D’ailleurs, réfléchissez. Autour de vous, quelques esprits positifs (mais chagrins) ne se sont-ils pas un jour interrogés à haute voix sur l’origine de votre maladie? Ne vous ont-ils jamais demandé s’il ne fallait pas chercher du côté de votre petit fond de noirceur l’une des causes de votre infortune? N’ont-ils pas sérieusement posé l’hypothèse que vous auriez pu vous fabriquer vous-même votre cancer et qu’il serait grand temps que vous mettiez un peu les chances de votre côté, maintenant ?! Et, du coup, ne vous êtes-vous pas sentie obligée d’adopter la positive attitude? Ah! Vous voyez…

Même en pleine déprime, rester belle et glamour

Notre amie Maryse Vaillant*, récemment disparue, s’offusquait justement de ce qu’elle nommait la « théorie de la double peine »: malade et coupable, actrice de son propre malheur car insuffisamment positive. Or, si la dépression latente ou le stress tapent peu ou prou sur le système (immunitaire), il n’est pas prouvé que la conscience du caractère tragique de la vie soit aussi cancérigène que le tabac et l’alcool!

Pourtant, certains semblent y croire. Et ne s’arrêtent pas là. Quand la maladie frappe, le discours cogne aussi:  » il va falloir te battre, ma fille, y croire. Rester positive, ne pas baisser les bras ». On vous veut warrior, conquérante.

L’obsession de l’optimisme,
une manière
de « photoshoper » l’existence

Bien sûr, ces injonctions sont au fond bienveillantes.

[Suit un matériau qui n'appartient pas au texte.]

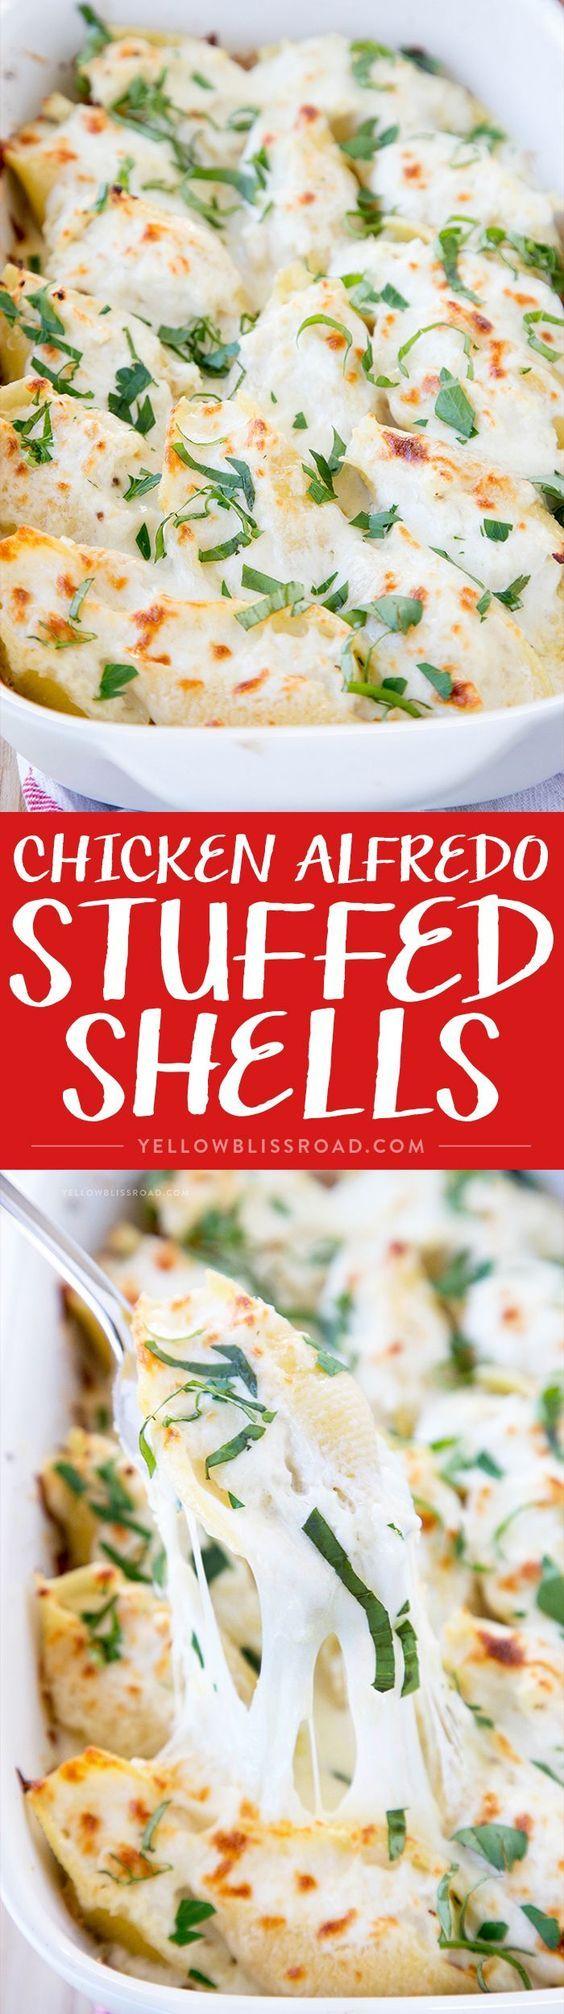 1000+ ideas about Baked Stuffed Shells on Pinterest | Lidia Bastianich ...

Elles traduisent l’angoisse des proches, leur impuissance et leur compréhensible souci de nous savoir rassemblée, motivée. Mais voilà comment, insidieusement, on se persuade de ne plus s’écouter. Voilà comment on s’enferme soi-même dans un déni de réalité. Déprimer, c’est voir la vie en bleu.

Le philosophe Martin Steffens, auteur de La Vie en bleu (Marabout), déplore cet effacement de la lucidité: « Il y a une certaine tendance, à travers la pensée positive, à penser que si l’on occulte l’épreuve, elle ne nous atteindra pas. » Dans cette obsession de l’optimisme, le philosophe voit une manière de « photoshoper » sa propre existence, comme si, par un tour de passe-passe, on pouvait en gommer les irrégularités, les erreurs.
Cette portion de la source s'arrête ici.